Pada remaja atau orang dewasa biasanya selain nyeri terdapat gangguan
pendengaran dan telinga terasa penuh. Pada bayi gejala khas adalah panas
yang tinggi, anak gelisah dan sukar tidur, diare, kejang-kejang dan sering
memegang telinga yang sakit.
Beberapa teknik pemeriksaan dapat digunakan untuk menegakkan diagnosis
OMA, seperti otoskop, otoskop pneumatik, timpanometri, dan
timpanosintesis.Dengan otoskop dapat dilihat adanya gendang telinga yang
menggembung, perubahan warna gendang telinga menjadi kemerahan atau
agak kuning dan suram, serta cairan di liang telinga.

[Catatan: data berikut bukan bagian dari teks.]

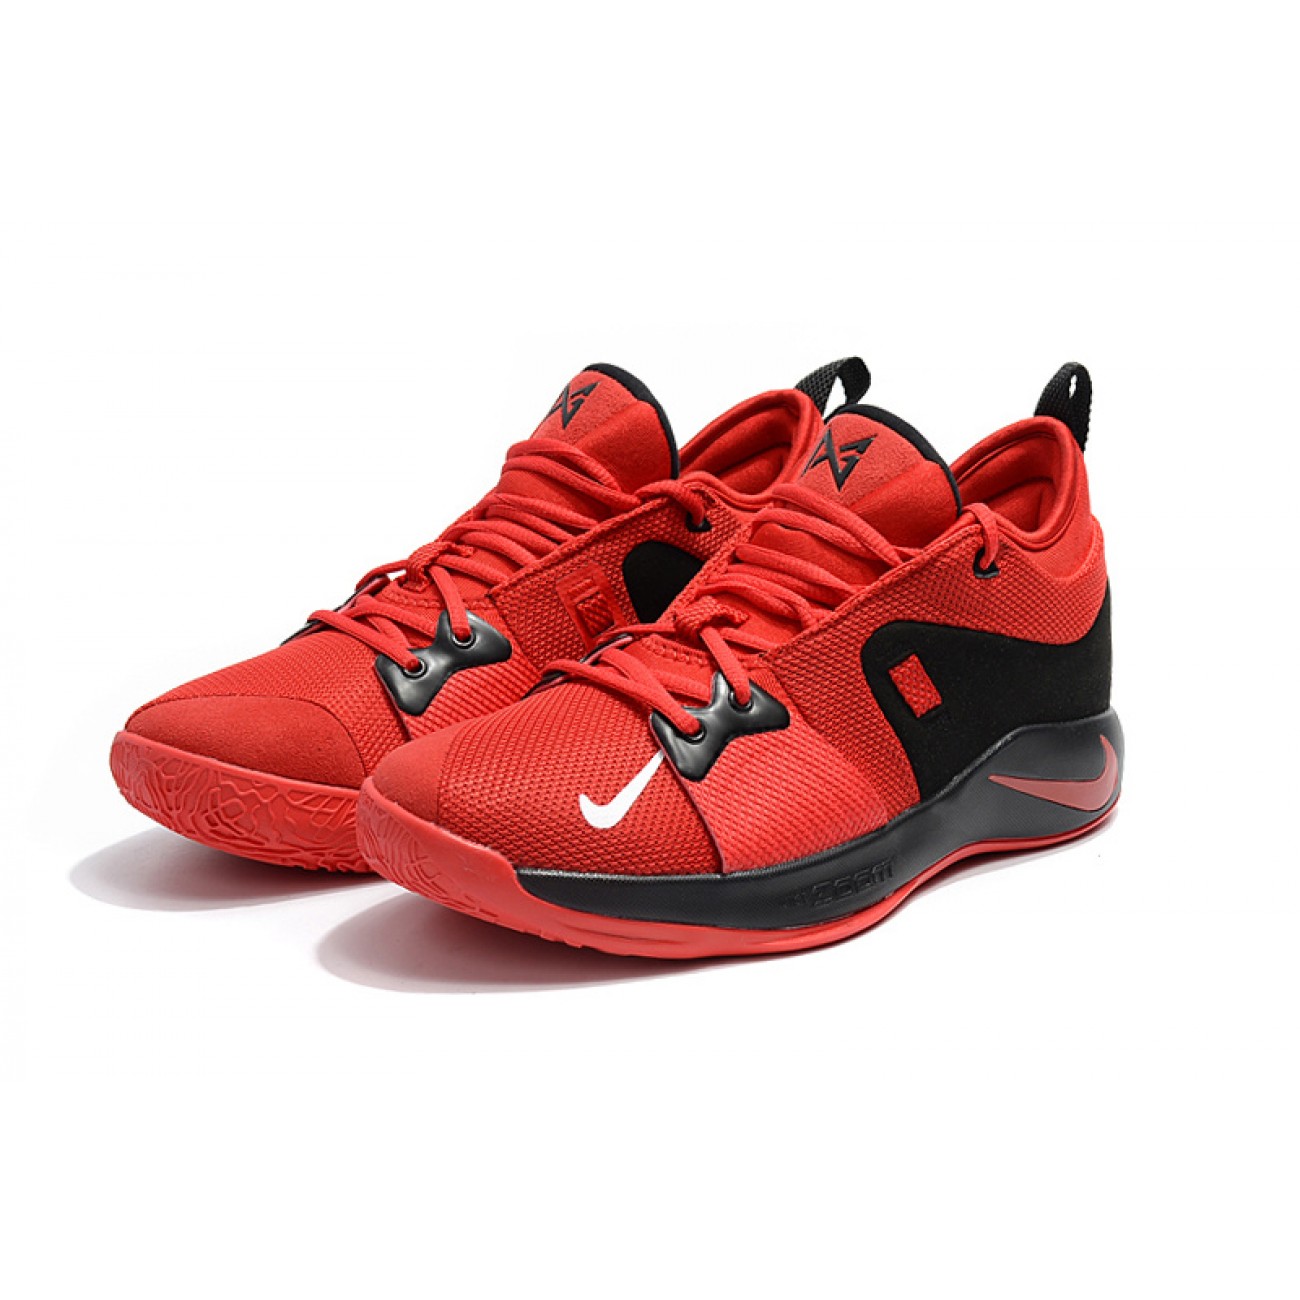 Nike PG 2 Red/Black

Jika konfirmasi diperlukan, umumnya dilakukan dengan otoskopi pneumatik.
Gerakan gendang telinga yang berkurang atau tidak ada sama sekali dapat
dilihat dengan pemeriksaan ini. Pemeriksaan ini meningkatkan sensitivitas
diagnosis OMA. Namun umumnya diagnosis OMA dapat ditegakkan dengan
otoskop biasa.
Untuk mengkonfirmasi penemuan otoskopi pneumatik dilakukan
timpanometri. Timpanometri dapat memeriksa secara objektif mobilitas
membran timpani dan rantai tulang pendengaran. Timpanometri merupakan
konfirmasi penting terdapatnya cairan di telinga tengah. Timpanometri juga
30

dapat mengukur tekanan telinga tengah dan dengan mudah menilai patensi
tabung miringotomi dengan mengukur peningkatan volume liang telinga luar.

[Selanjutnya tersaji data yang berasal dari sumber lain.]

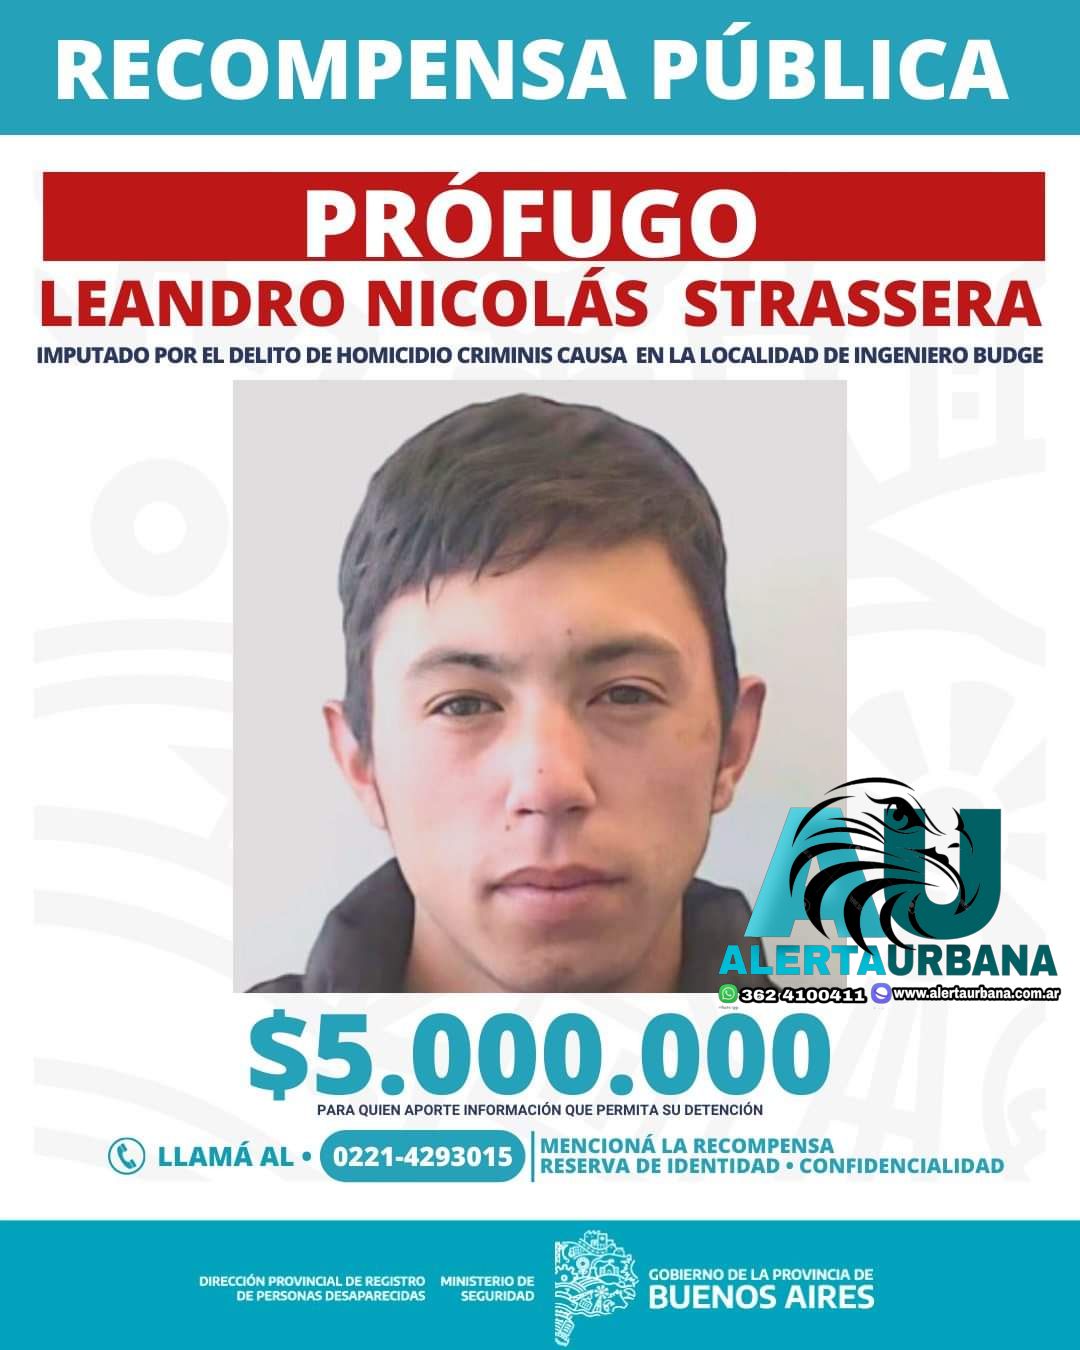 Se busca al prófugo Leandro Nicolás Strassera por homicidio criminis causa

Timpanometri punya sensitivitas dan spesifisitas 70-90% untuk deteksi cairan
telinga tengah, tetapi tergantung kerjasama pasien.

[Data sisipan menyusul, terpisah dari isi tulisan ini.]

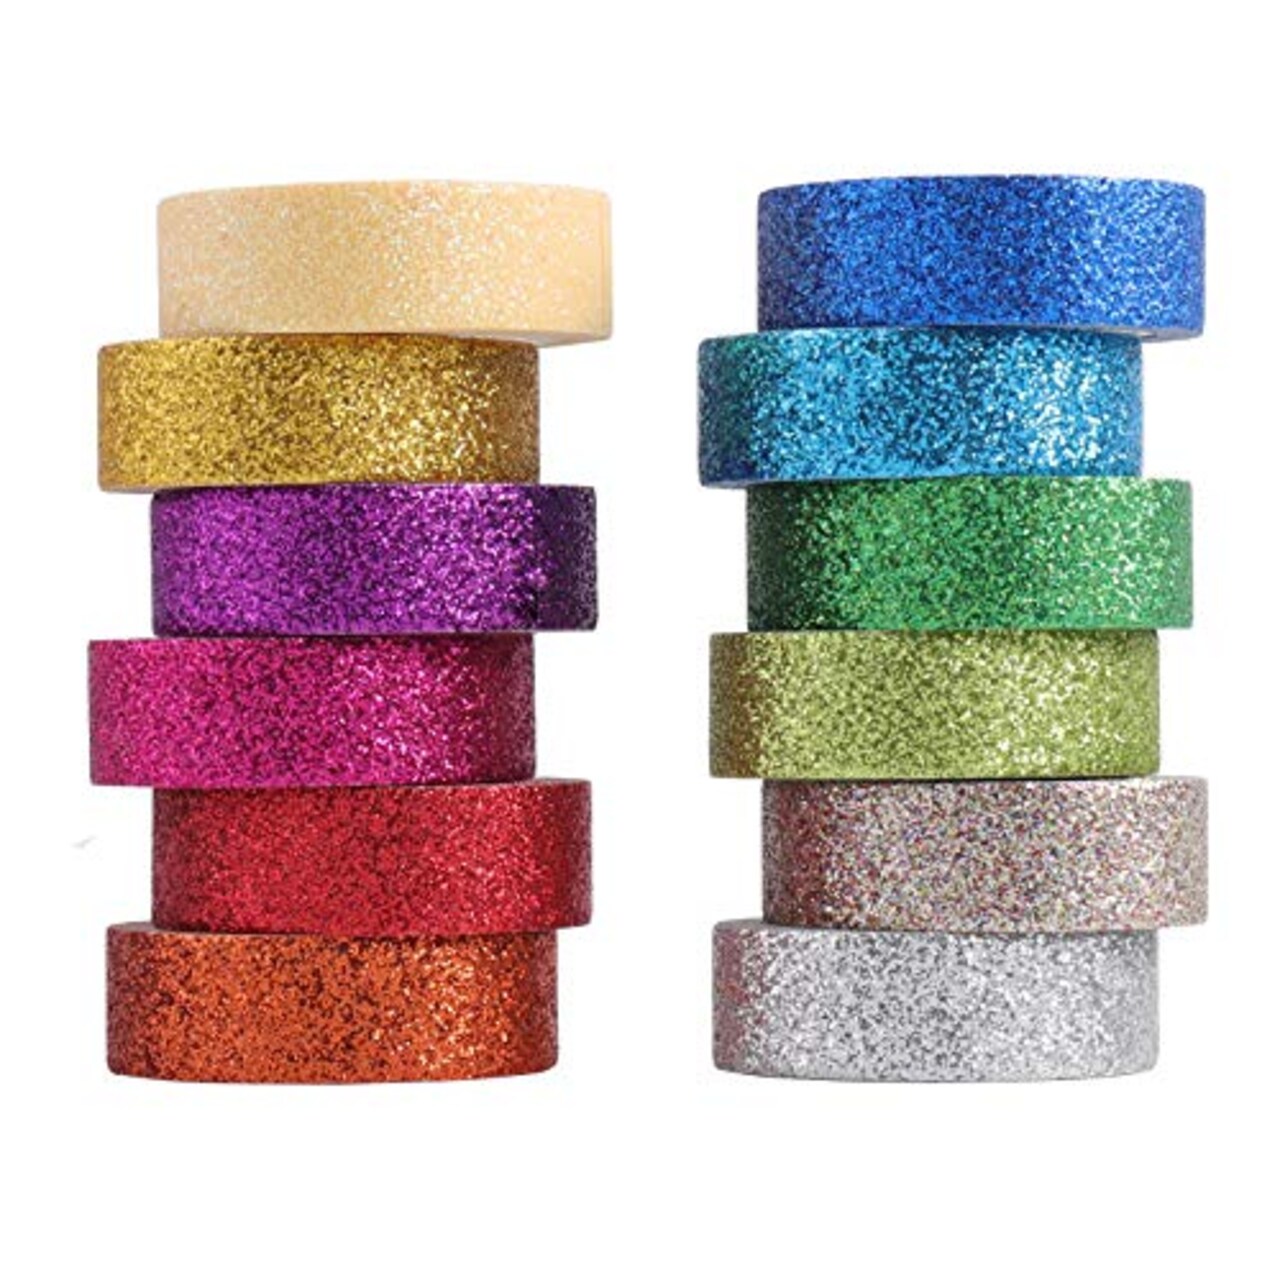 Tesuivra DIY Glitter Washi Tape Set - 12 Rolls Colored Masking

Timpanosintesis, diikuti aspirasi dan kultur cairan dari telinga tengah,
bermanfaat pada anak yang gagal diterapi dengan berbagai antibiotika, atau
pada imunodefisiensi. Timpanosintesis merupakan standar emas untuk
menunjukkan adanya cairan di telinga tengah dan untuk mengidentifikasi
patogen yang spesifik. Menurut beratnya gejala, OMA dapat diklasifikasi
menjadi OMA berat dan tidak berat. OMA berat apabila terdapat otalgia
sedang sampai berat, atau demam dengan suhu lebih atau sama dengan 39C
oral atau 39,5C rektal, atau keduanya. Sedangkan OMA tidak berat apabila
terdapat otalgia ringan dan demam dengan suhu kurang dari 39C oral atau
39,5C rektal, atau tidak demam.
TERAPI
Pengobatan OMA tergantung pada stadium penyakitnya. Pada stadium
oklusi pengobatan terutama dilakukan bertujuan untuk membuka kembali
tuba Eustachii, sehingga tekanan negative di telinga tengah hilang. untuk itu
diberikan obat tetes hidung HCl efedrin 0,5% dalam larutan fisiologis (untuk
<12 Tahun) atau HCl efedrin 1% dala, larutan fisiologis (untuk >12 Tahun
dan orang dewasa).
Selain itu sumber infeksi harus diobati. Antibiotika diberikan apabila
penyebab utamanya adalah kuman, bukan virus atau alergi.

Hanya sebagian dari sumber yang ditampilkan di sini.